Inflation is running at 8.3 percent a year. This is a retroactive rate. It tells us that prices in April were 8.3% higher than last April. On a forward-looking basis, things look much better. The monthly price increase in April was 0.3%, compared to 1.2% in May. At this rate, inflation over the next 12 months will only be 3.7%. Both nominal and inflation-linked bond markets jointly predict even less inflation, around 3%.
But predictions can be far off. Last April, the market forecast annual inflation below 1%. Moreover, according to the latest data, core inflation rose from 0.3% in March to 0.6% in April. Core inflation excludes food and energy price volatility. If inflation runs at 0.6% per month, we are talking about 7.4% inflation next year.
Can high inflation continue? It can. Bottlenecks will ease and grain and energy prices will fall as other countries compensate for reduced supplies from Russia and Ukraine. But the long-term financial situation of our nation is dire. And, like other countries in fiscal difficulty, our country makes money by making money, that is, by printing it (electronically). If Congress does not raise taxes or cut spending, high inflation could take root.
For retirees living on fixed incomes, inflation at, say, 7.4% means financial ruin. About 12 million retired public and local government employees live on pensions whose COLAs (cost of living adjustments) are generally limited to 2-3%. Their pensions have lost at least 5.5% in purchasing power over the past year. A decade of 8.3% inflation will halve their real retirement incomes. Yes, social security benefits are indexed to inflation. But most police officers, firefighters, teachers, etc. retired receive no benefits or greatly reduced benefits from the system.
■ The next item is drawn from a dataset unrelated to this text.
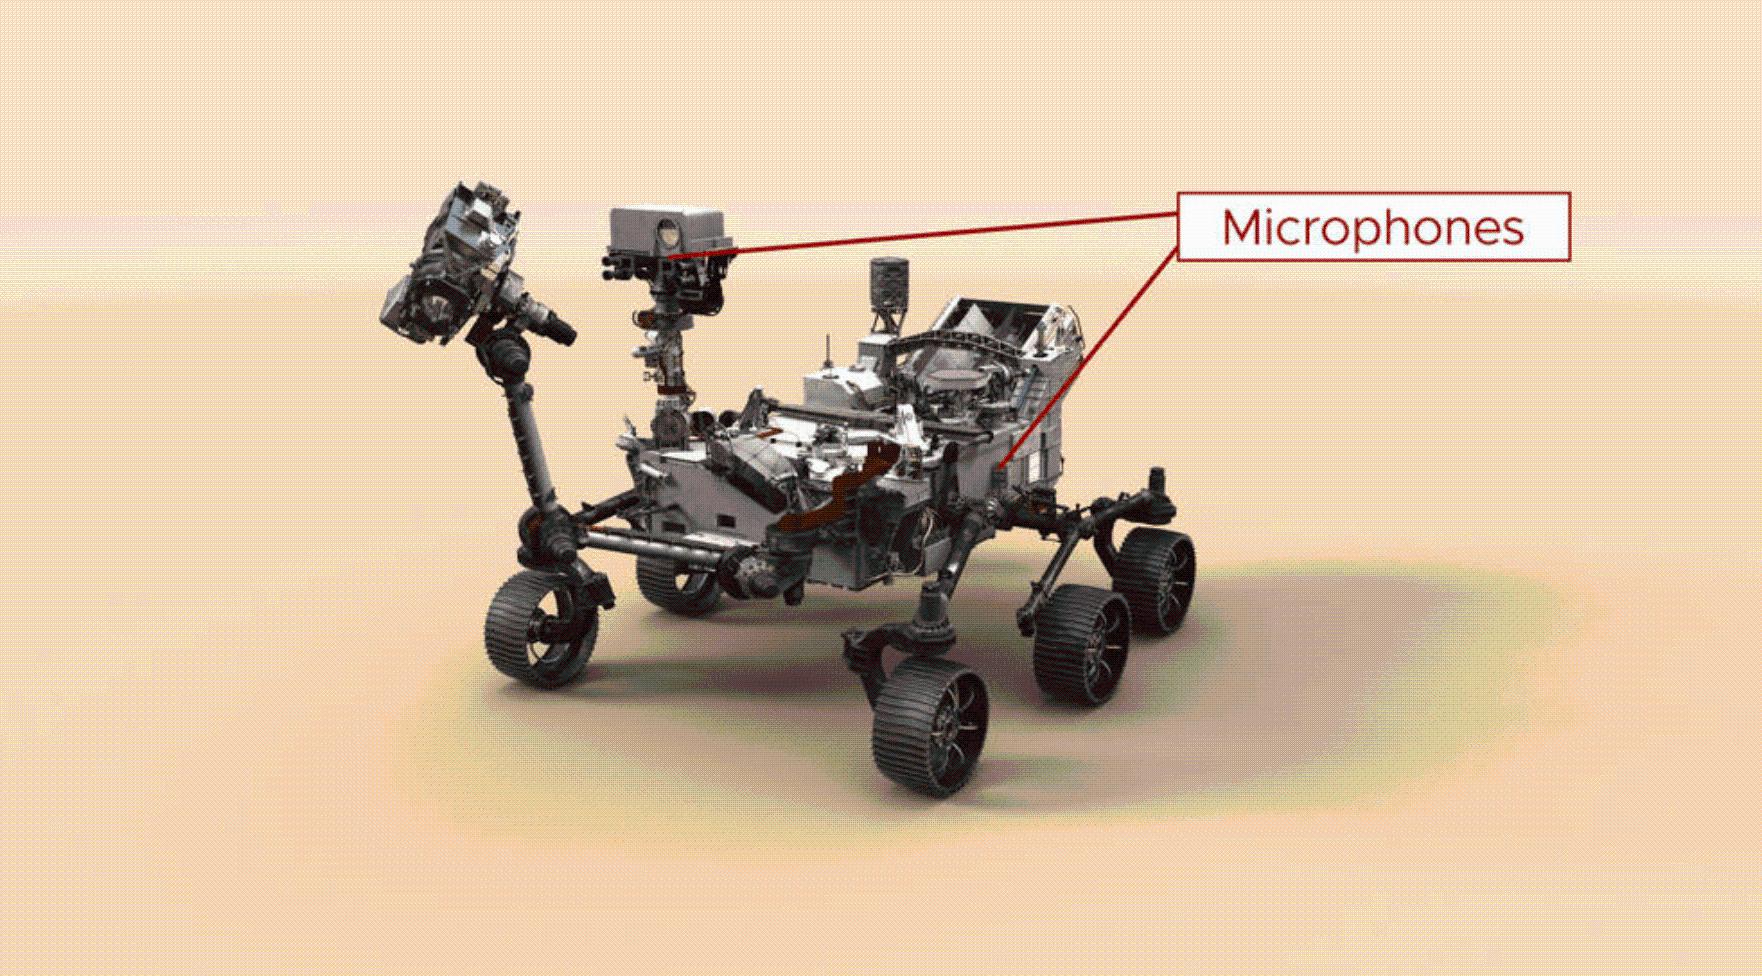 毅力号火星车捕捉到的声音揭示：火星上声音传播速度比地球慢

Is inflation also hitting the 52 million other American retirees? Absolutely. Yes, their social security benefits are indexed to inflation. But the taxation of these benefits is not. There are two thresholds, set in dollars, above which 50% and then 85% of Social Security benefits are subject to federal and some state income tax. With enough inflation for enough years, sliding Social Security brackets will leave all recipients paying taxes on 85% of their benefits.
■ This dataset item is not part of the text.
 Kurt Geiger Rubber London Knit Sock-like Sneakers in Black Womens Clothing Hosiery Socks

Besides its impact on real after-tax pensions and social security, inflation is an investment nightmare for all retirees. It is collapsing in the stock and bond markets, largely due to the enormous uncertainty about its future course. For those who flee to cash, treasury bills or their equivalents, inflation turns these “safe havens” into guaranteed losers.
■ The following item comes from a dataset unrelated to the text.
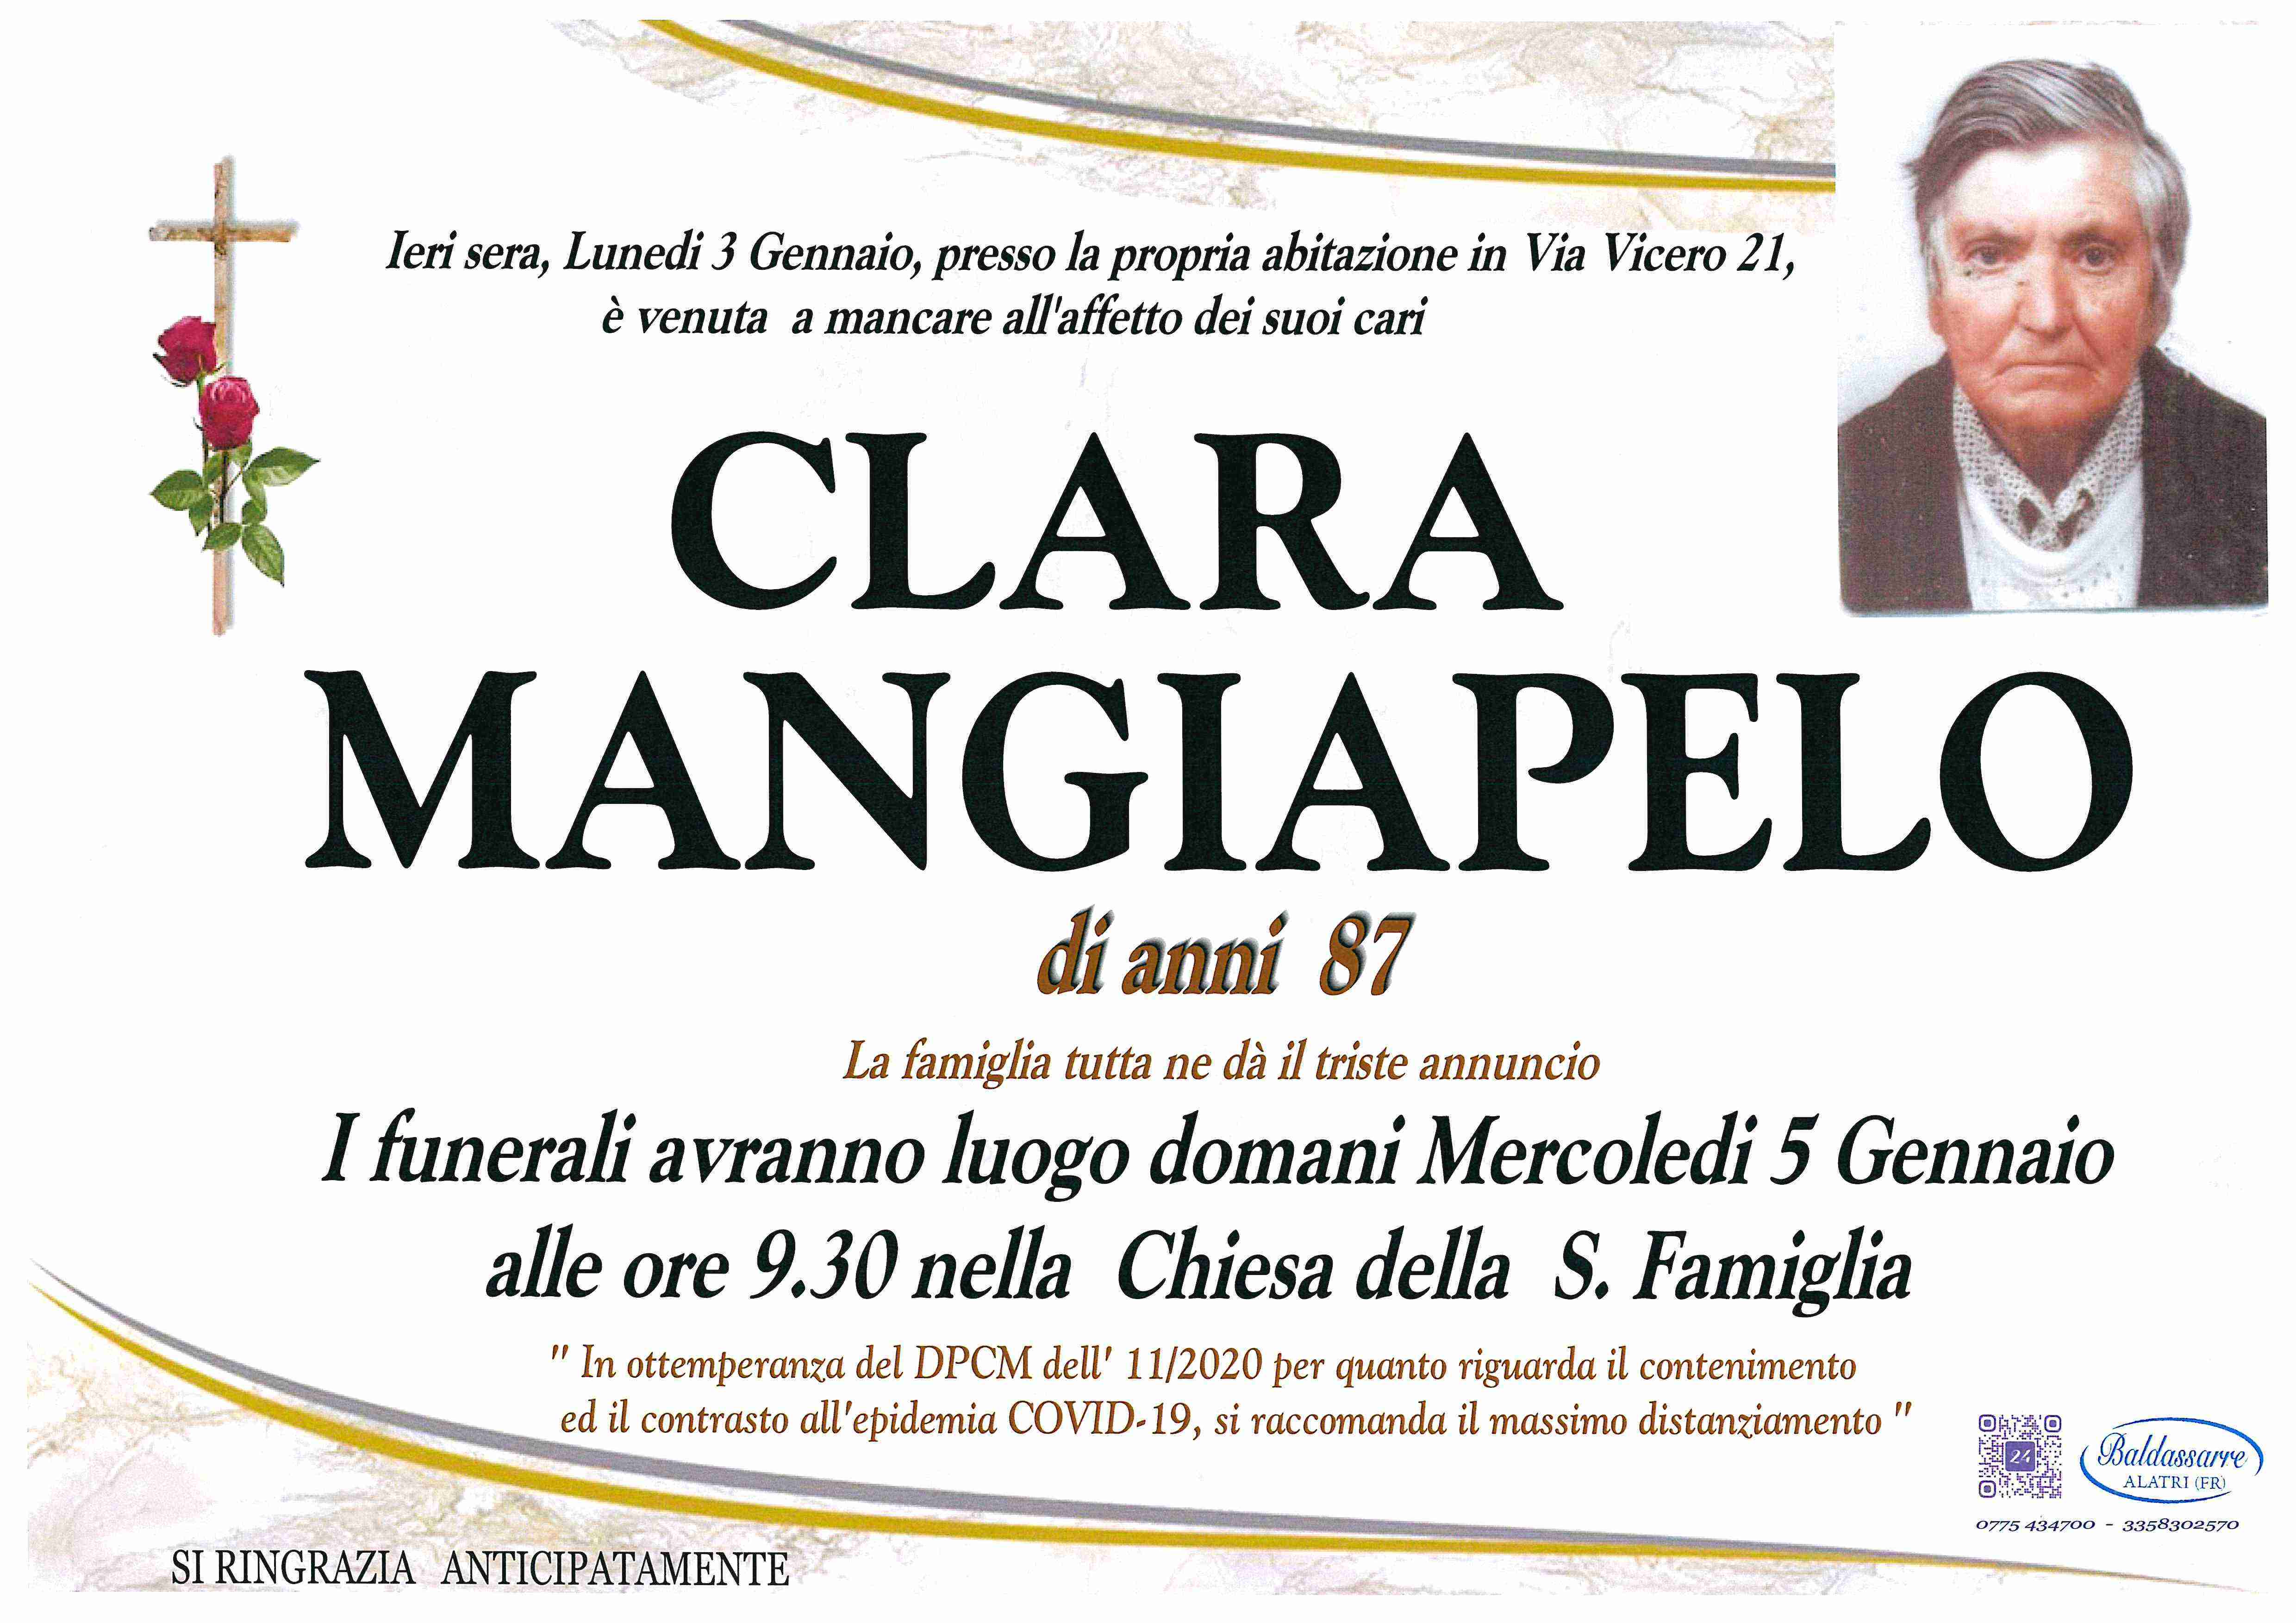 Clara Mangiapelo

Suppose you put $100,000 in a checking account in the past year because you feared the stock market was overvalued and the bond market was crushed by rising interest rates. Well, your flight to safety cost you $8,300 in buying power.
What about buying inflation-indexed bonds, called TIPS (Treasury Inflation Protected Securities). If you buy and hold TIPS, your real pre-tax return is guaranteed. But not your real after-tax return since inflation as well as the real component of the TIPS return is taxable.
I looked at the tax impact of inflation by holding TIPS. Of course, each case is different. But I considered a hypothetical 65-year-old woman, call her Maya, with $2 million invested in 30-year-old TIPS with zero real return. If inflation stays at 7%, rather than 0% year after year during his retirement, his real lifetime expenses will fall by 14%. If Maya currently has $5 million, the success is 28%.
In short, inflation, at least for now, is wildly high. And it jeopardizes the finances of retirees, whether they are on fixed incomes, collecting social security or investing in what should protect them from inflation, namely TIPS.
There are three simple ways Congress can protect seniors from inflation. First, it can index the tax thresholds for social security benefits. Second, it may change the tax treatment of TIPS so that only the actual component of the return is taxed. Third, it can allow retirees to exchange nominal future income conditional on survival for inflation-indexed income conditional on survival at the same present (present) value.
So a 70-year-old retired Detroit police officer, Steve, might agree to pay the $50,000 retirement pension he will receive at age 80 to Uncle Sam for, say, $45,000 in indexed dollars. ‘inflation. This assumes that the current market value of the nominal benefit of $50,000 at age 80 is the same as the current market value of the actual payment of $45,000 at age 80. If Steve does not return the $50,000 at age 80, he will not receive the inflation-adjusted payment of $45,000.
This third policy would give seniors something the market does not offer: the ability to purchase inflation-indexed annuities. Retirees would buy nominal annuities and immediately enter into swap agreements that turn them into inflation-indexed annuities.
Only the government can protect us from the risk of an expected increase in taxation, because only the government sets our taxes. And only the government can protect us from the risk of inflation because only the government can control inflation. As for entering into futures contracts to exchange, on an annual basis, nominal dollars for real dollars, that is also something that Uncle Sam can easily do.
No one knows how long inflation will last, let alone its future rate. But there’s no reason Congress should allow inflation to financially terrorize America’s 64 million retirees.
Laurence Kotlikoff is an economist at Boston University, president of MaxiFi.com, and author of “Money Magic – An Economist’s Secrets to More Money, Less Risk, and a Better Life.”